De todos modos me sentí un poco ridículo. Todo el mundo estaba en lo suyo, y yo allí, casi solo, mirando volar los mocos.

La sala estaba casi vacía. Todos los afiliados al club debían estar cogiendo en las habitaciones del segundo piso. Todos, menos yo…

Y Rosalía… confié.

El aroma de uno que otro cigarrillo por allí, alcohol y conversaciones discretas fueron el aliciente para que me arrullara y me quedara dormido, tras decidir que no tenía caso que me pasara el resto de la noche buscando a Rosalía de cuarto por cuarto. Yo confiaba en ella, y así tenía que quedar todo, como una mentira más de Paula y miedos infundados que me habían querido agarrar desprevenido.

Me despertaron los murmullos, al amanecer. Me incorporé y vi que había personas en la barra. Todo el mundo llevaba puestos sus antifaces, aunque la ropa ya la traían menos pulcra que antes,

Me fijé en la hora y descubrí que ya eran las 8:45 de la mañana. Pfff. Qué boca tan seca, la mía.

¿Dónde estaba Rosalía? Husmeé en su teléfono y tenía la misma última conexión de la «1:05 am»

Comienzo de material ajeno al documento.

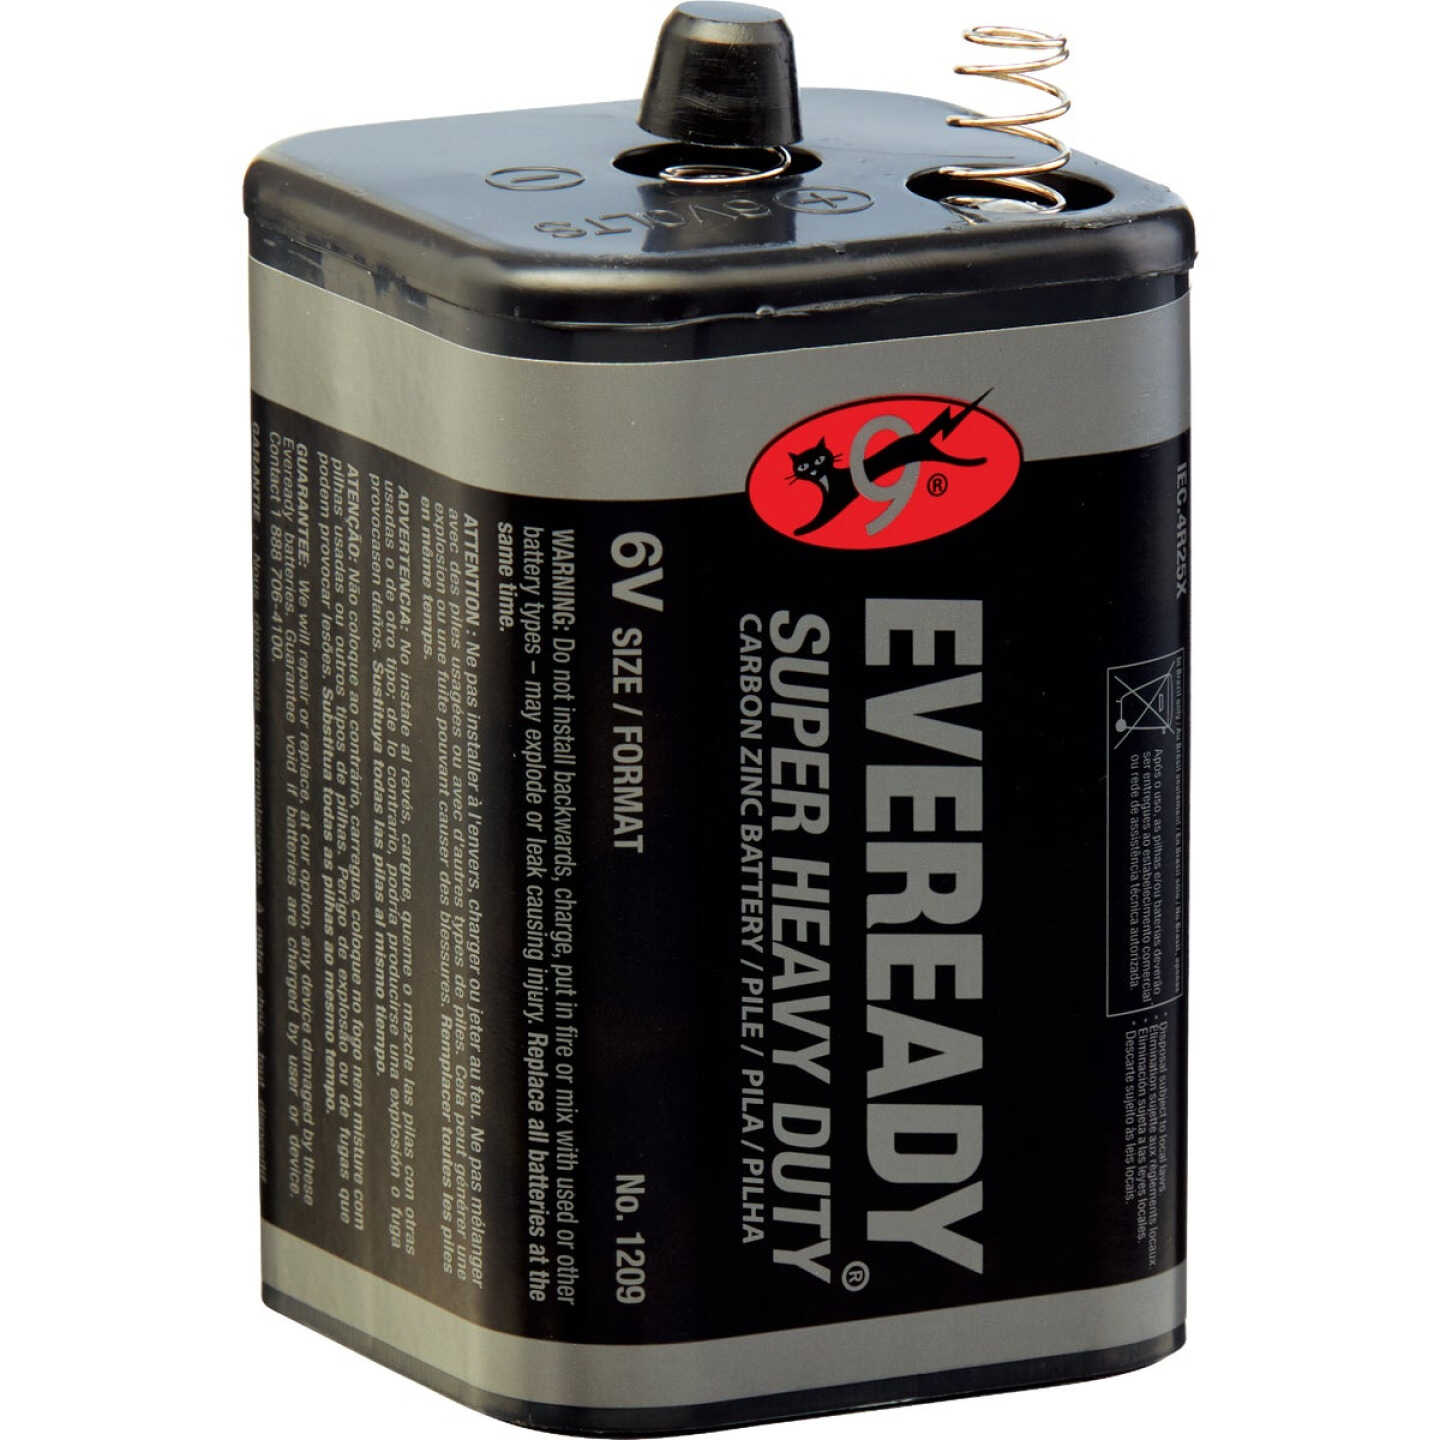 Alkaline (6 volt) Lantern Battery

Bostecé y vi a Sebastian y a la brasileña conversando en la parte opuesta de donde yo estaba recostado. Al menos alguien se la había pasado bien esa noche. Mi querido hacker merecía ser feliz, lejos de las garras de Jessica.

Bostecé y a los minutos Sebastian me saludó con la mirada al advertirme despierto. Hizo alarde de querer acercarse a mí para saludarme, pero le dije con una mueca que no hacía falta. Preferí que continuara conversando con la brasileña a que viniera a preguntarme cómo me había ido con Paula, y cómo me sentía respecto a Ross y Samír, y hasta de Lorna y Gustavo.

Me levanté y fui a la barra por un café. Por fortuna lo había. Otra cosa que me alegraba es que ya no me dolía la cabeza, pero aún sentía mi polla un poco erecta, ¿era posible?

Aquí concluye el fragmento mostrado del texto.